------ DATA BLOCK ------

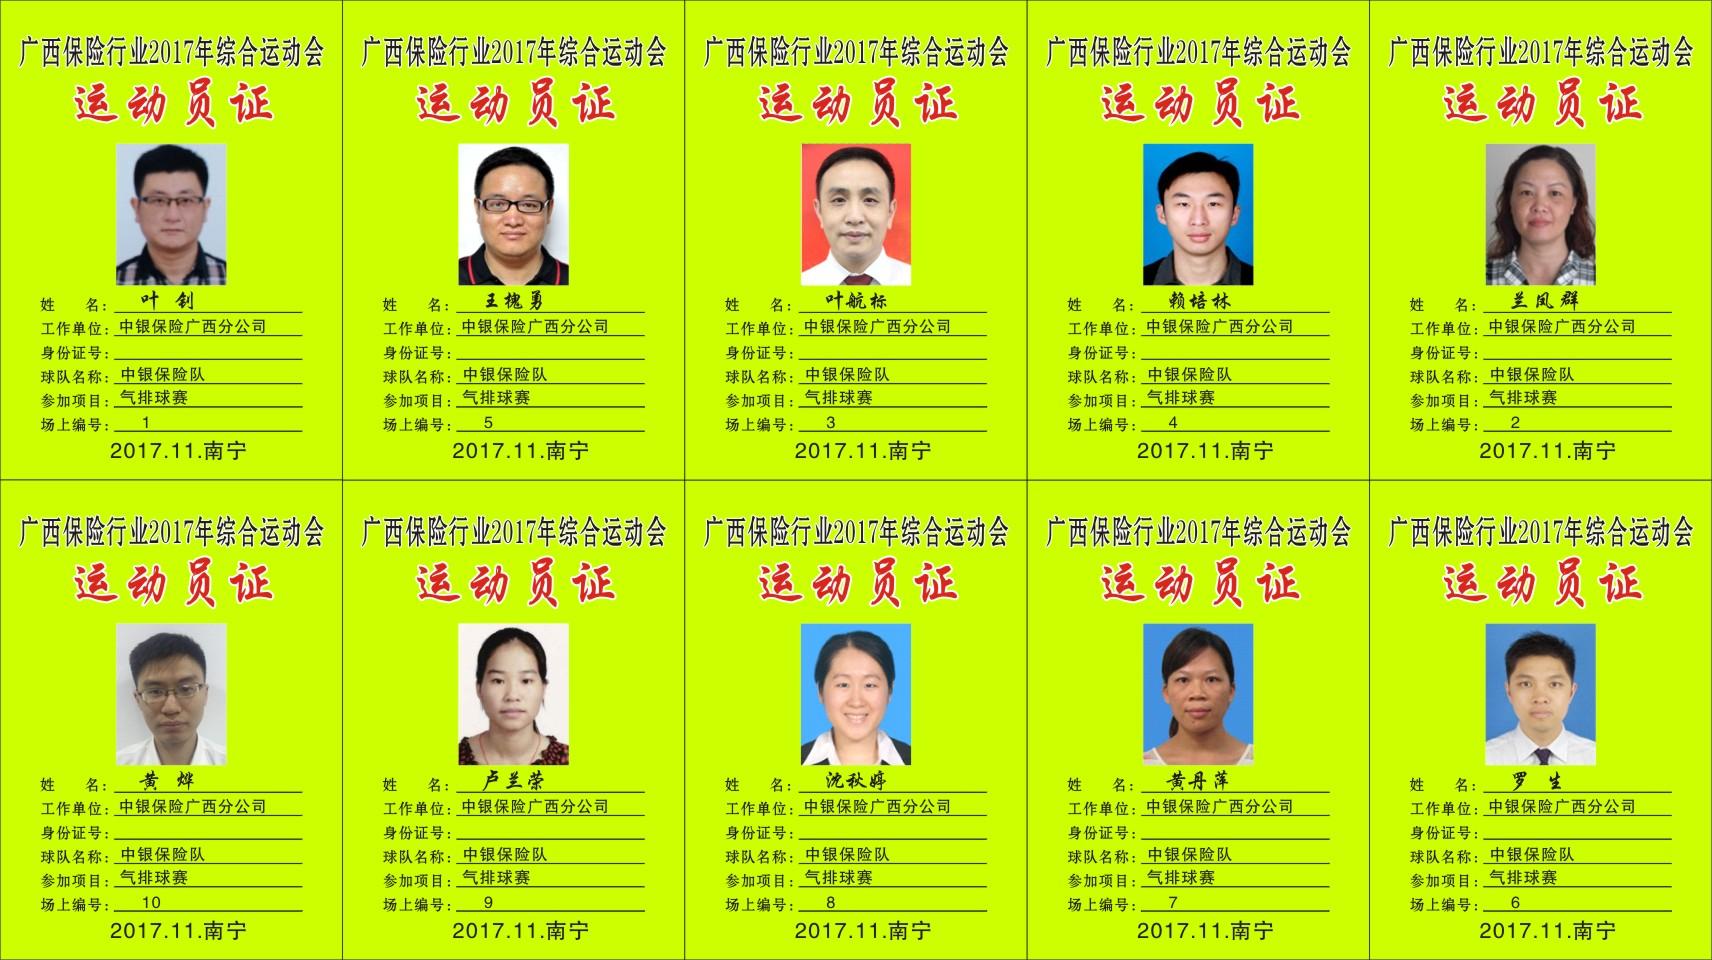 25中银保险广西分公司.jpg
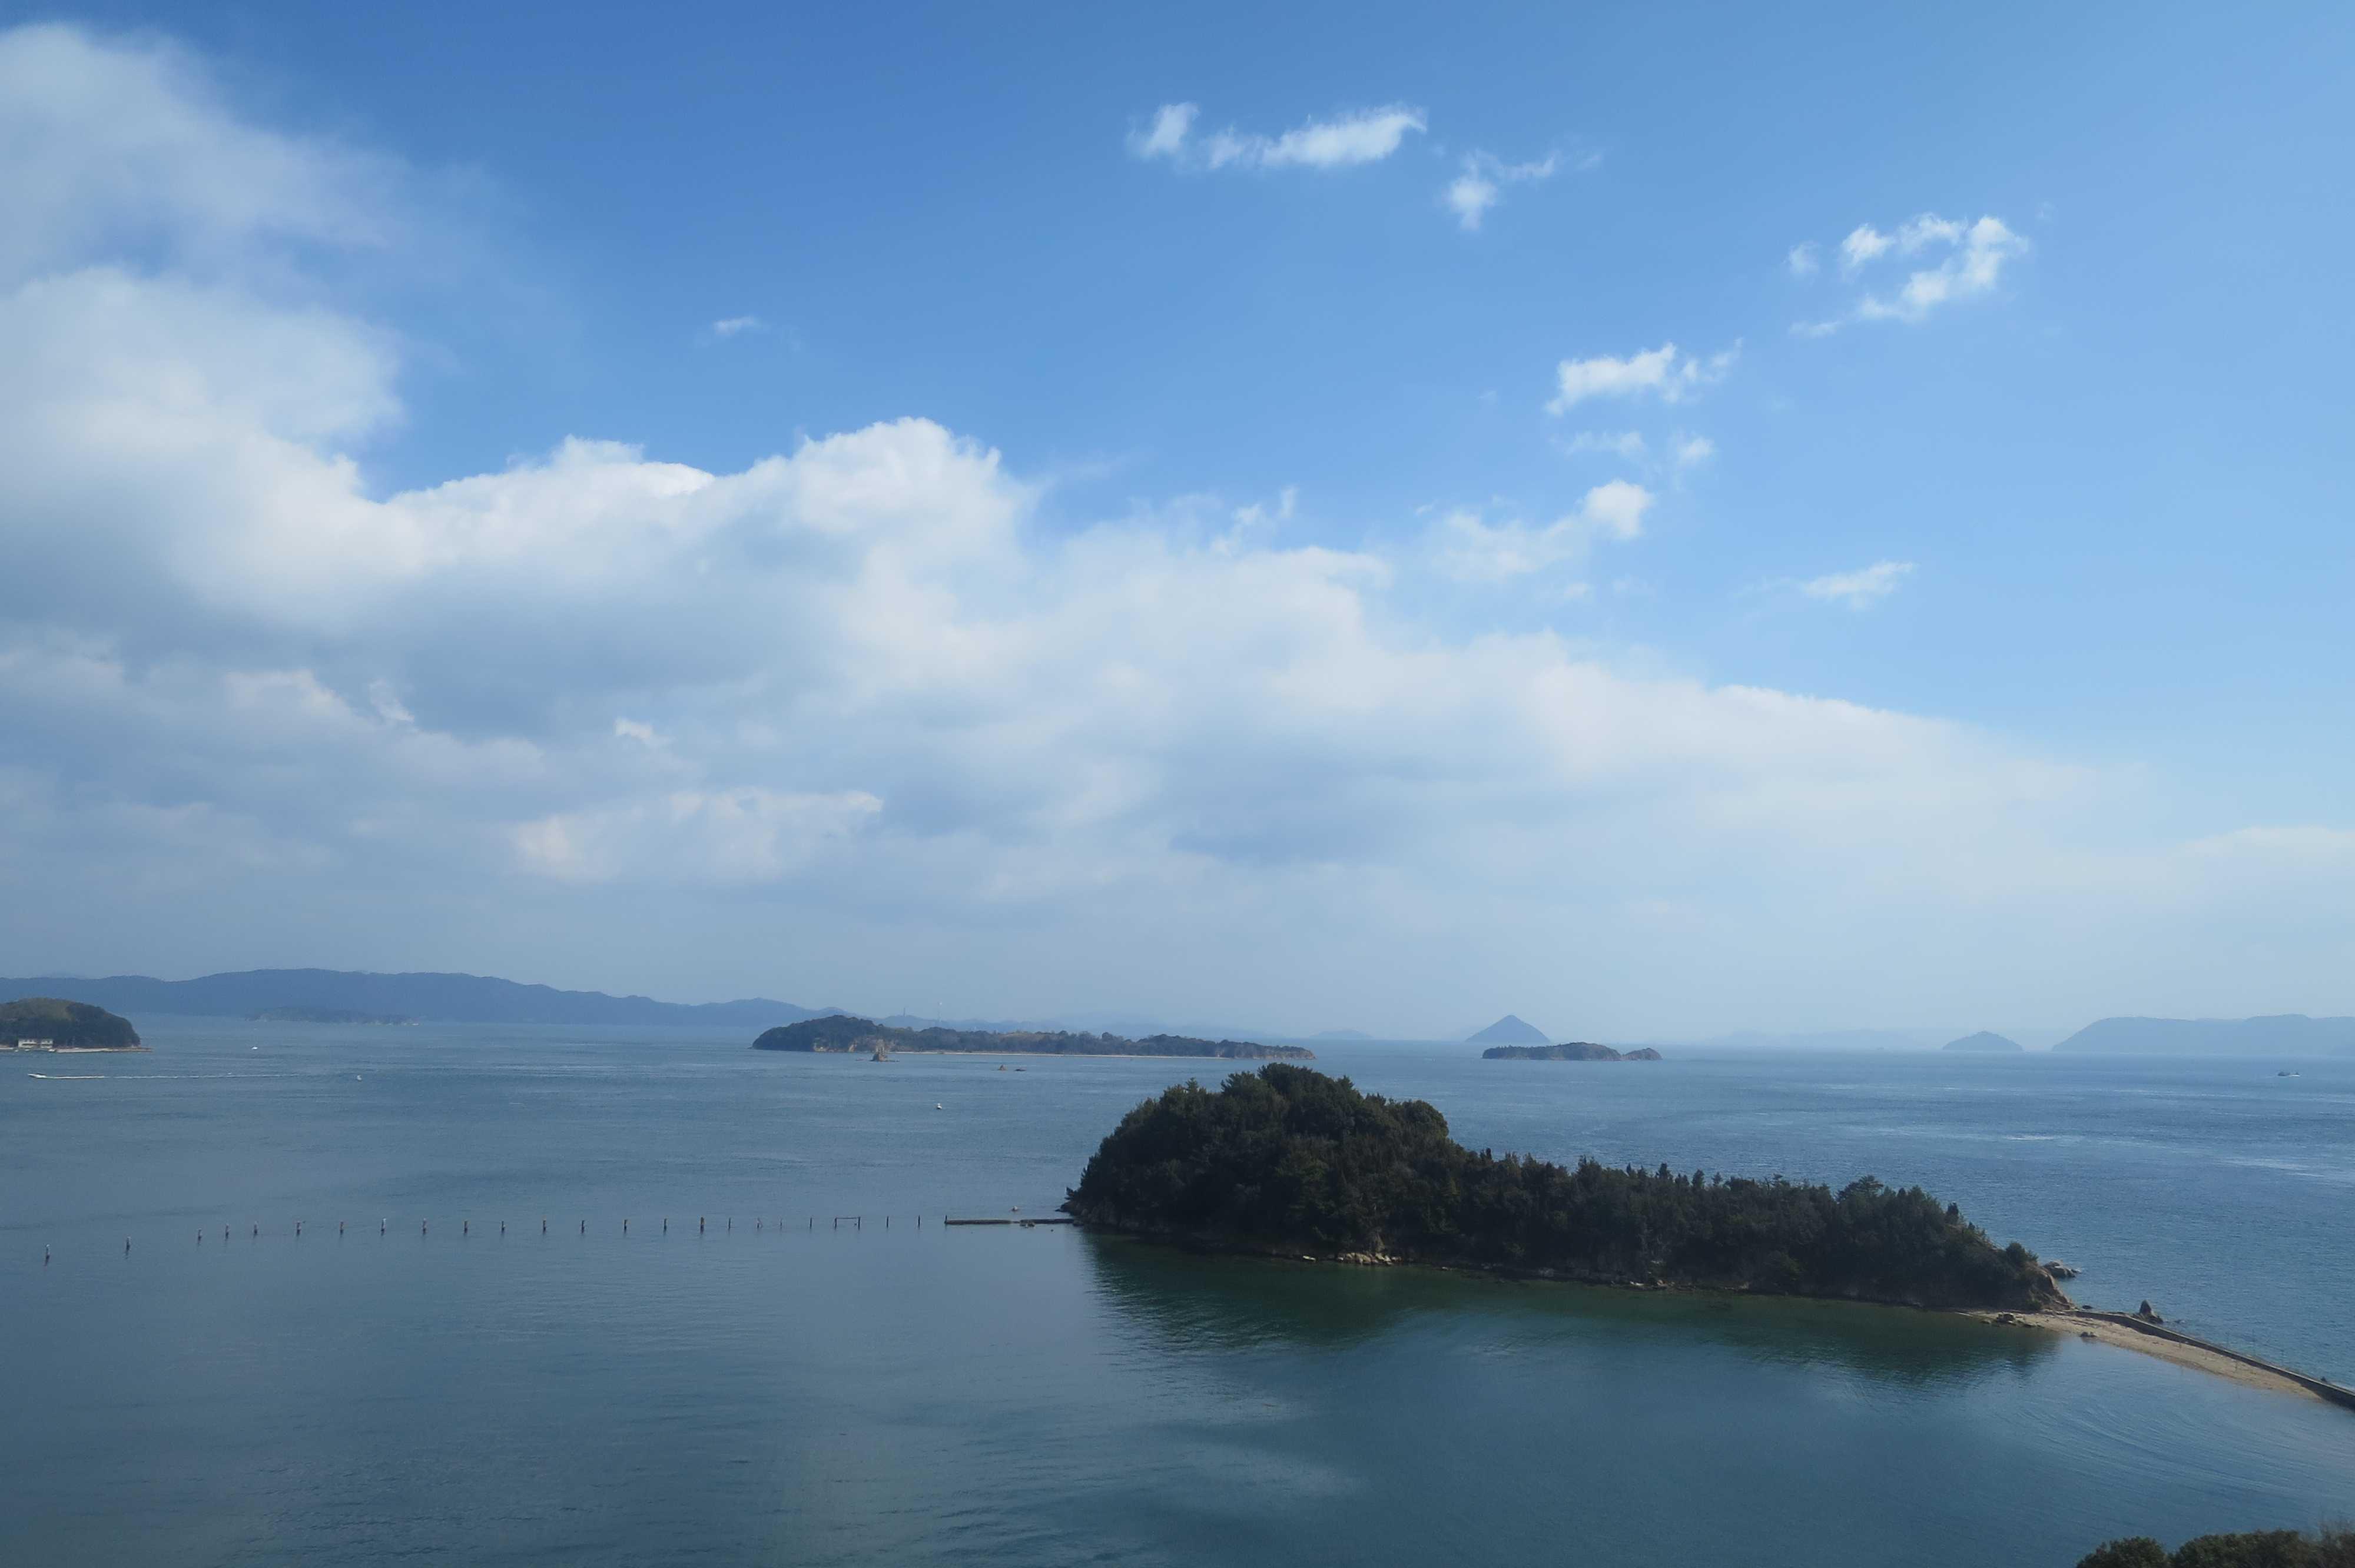 空は青く、雲は白く、瀬戸内海は穏やかです。
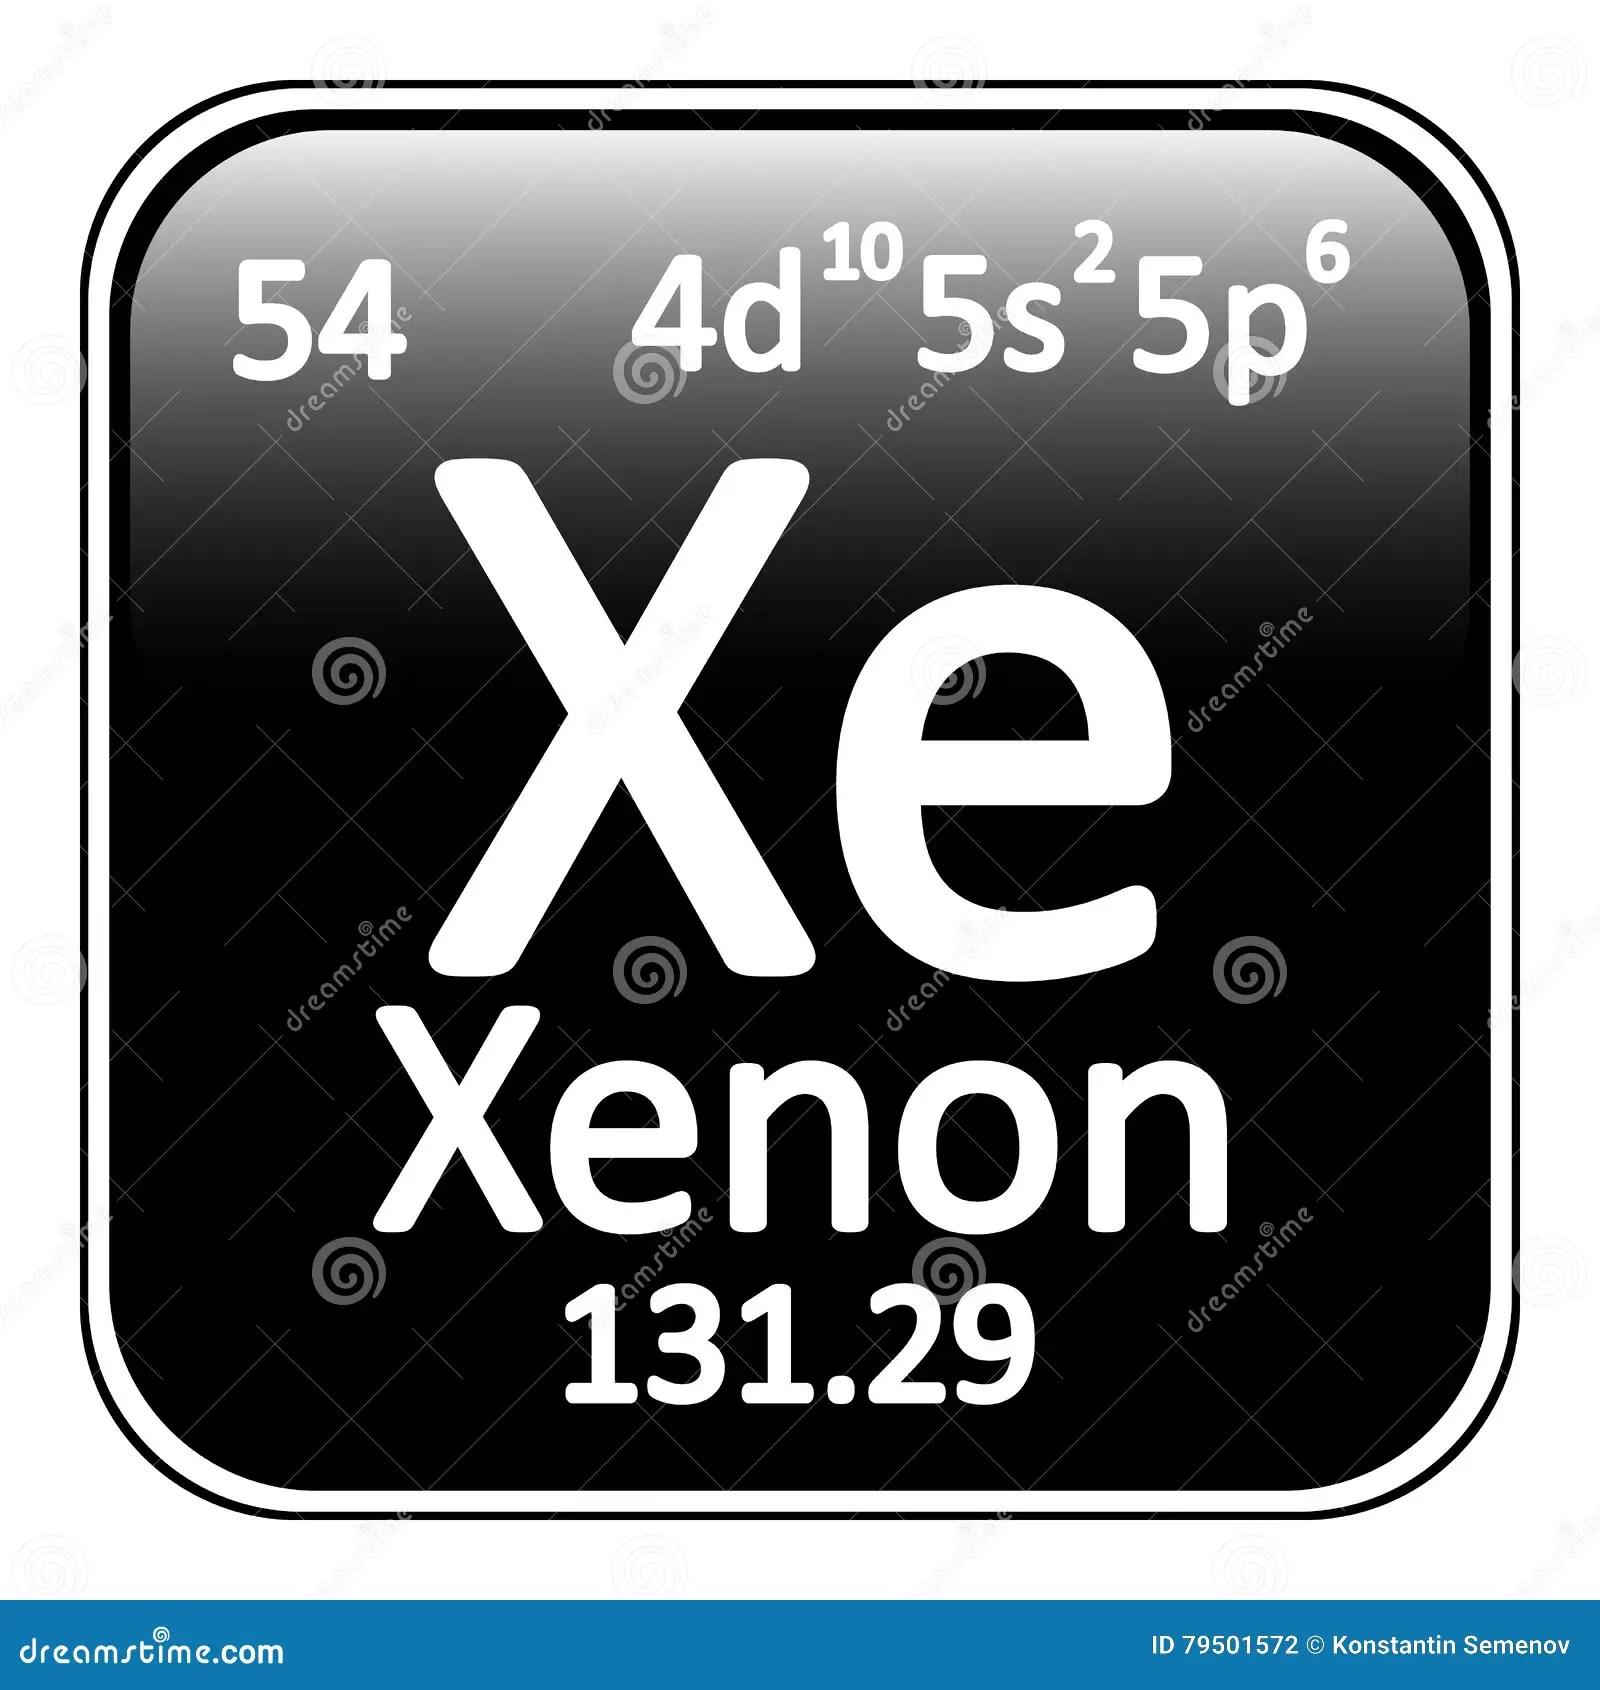 Titanium Element Symbol On Periodic Table

------

▶ WHAT THE TASK REQUIRES
Once the pictures are removed, copy the material above exactly.

▶ WRITTEN RESPONSE
 25中银保险广西分公司.jpg
 空は青く、雲は白く、瀬戸内海は穏やかです。
 Titanium Element Symbol On Periodic Table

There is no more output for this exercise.